Not only this if the individual wishes to become a data scientist then they need to make a positive contribution to bring out the changes to help the society. Data science is sure to offer you attractive superpowers that are beyond once imagination. One of the major concerns right now is to restructure the industries in the field of healthcare as many people with inadequate facilities in rural areas are losing their lives.
Data scientists should also possess an amalgamation of statistical skills, data mining, machine learning, and, analytic, and hold experience in coding and algorithms. In addition to manage and interpret large data, most of the data scientists are skilled to handle the tasks that include creating a model for data visualization to help demonstrate the digital information’s business value.

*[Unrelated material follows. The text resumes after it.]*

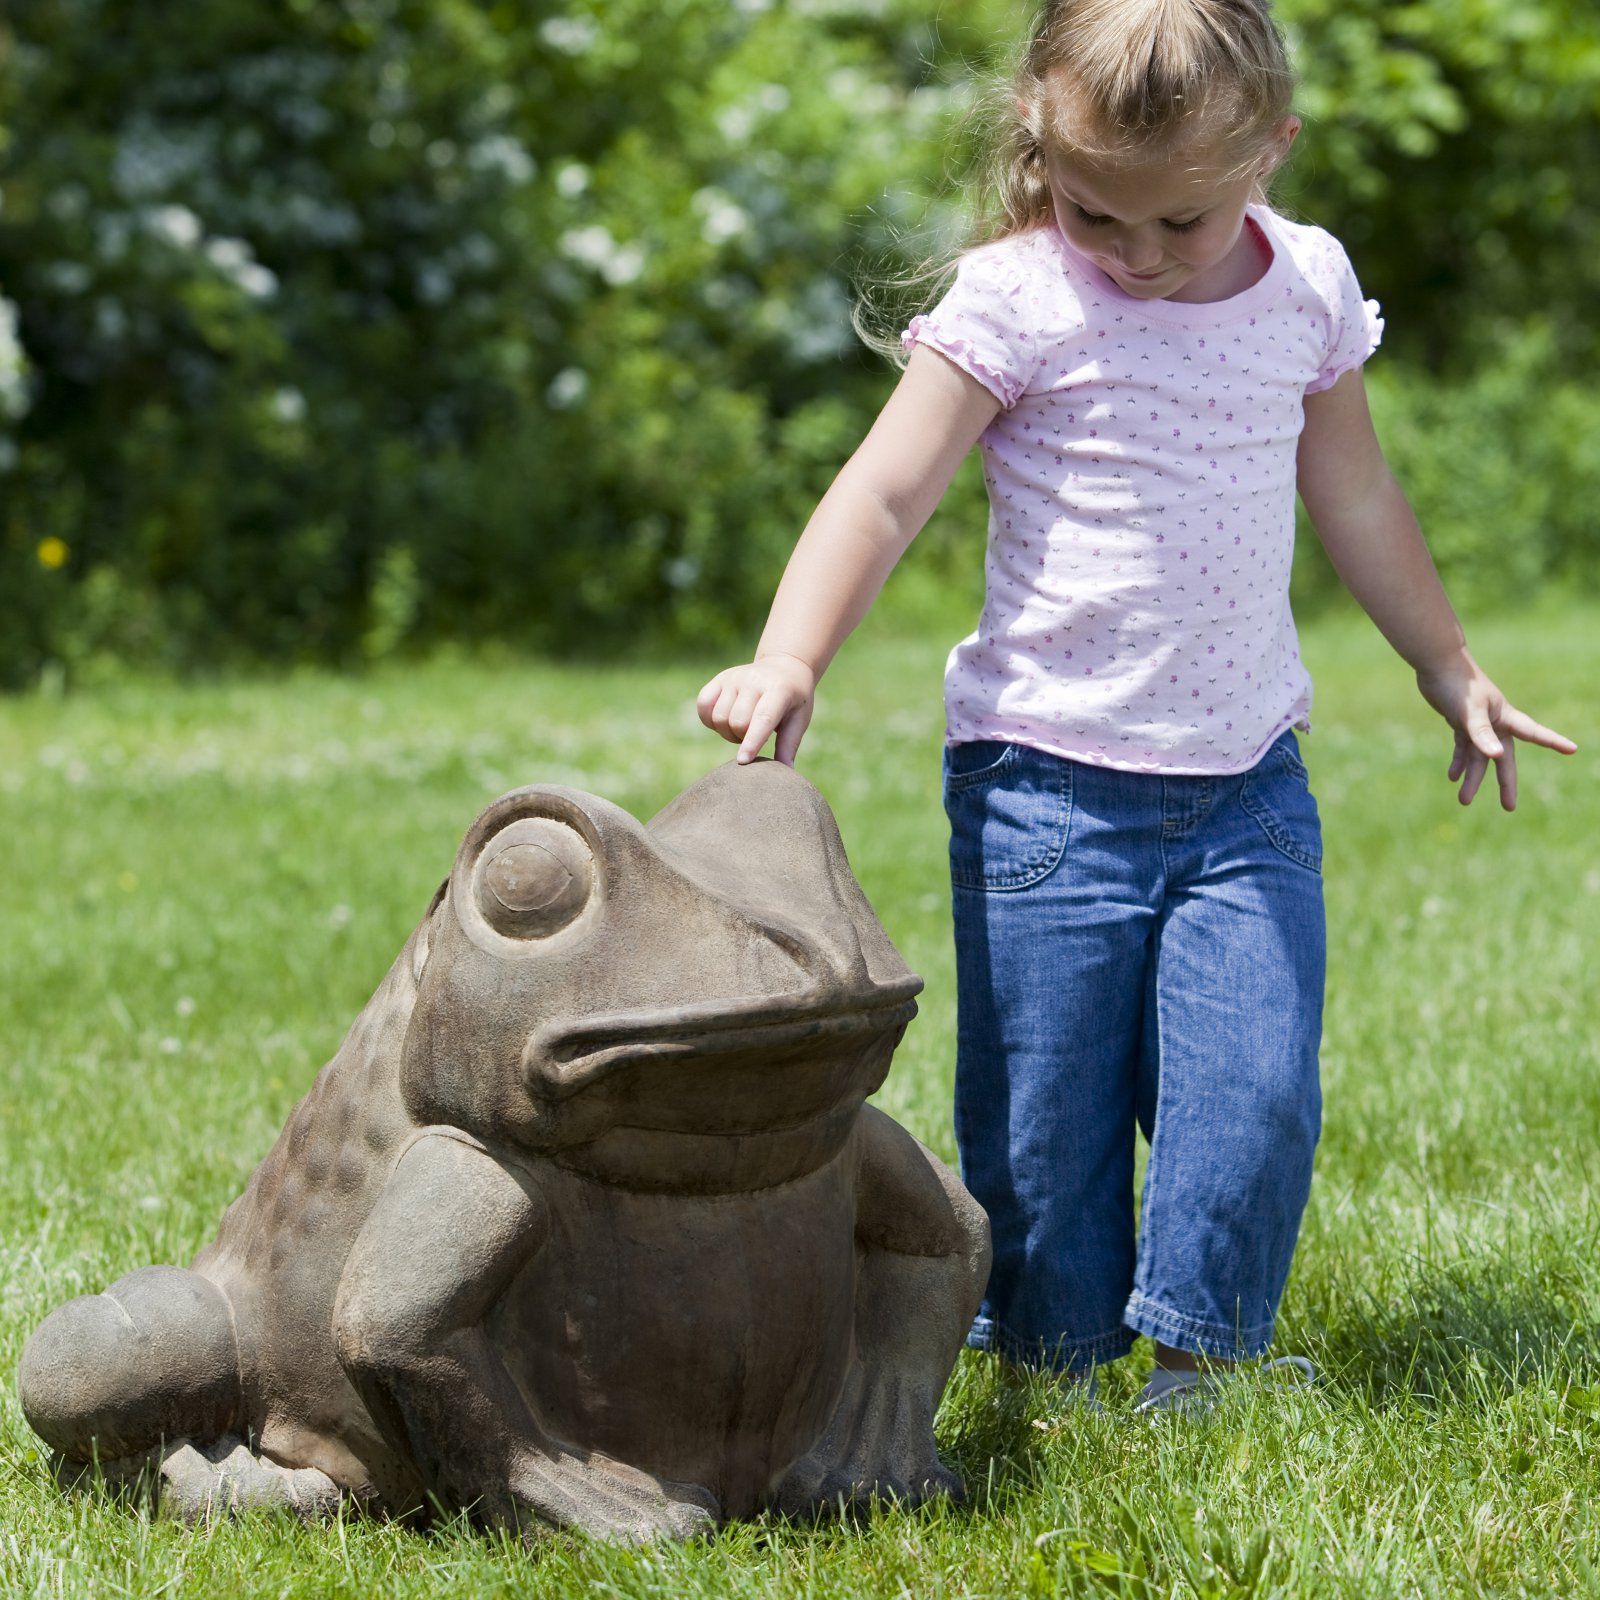 Giant Garden Frog Statue Frog Statues

Data scientists are required to draw digital information from various sources. They are required to utilize the list of growing channels that include social media, electronic gadgets such as smartphones, and internet of things (IoT) devices, surveys, purchases, internet behavior and searches.
I hope you got an idea of how data science is essential to face real-world problems. Many data scientists are thus working hard to recognize patterns that will bring solutions to varied issues by way of data mining. At present Data Science is used to reach company goals across a number of industries from agriculture to dating apps like tinder and banking institutions are utilizing mining data to boost fraud detection which helps refine and identify the right audiences.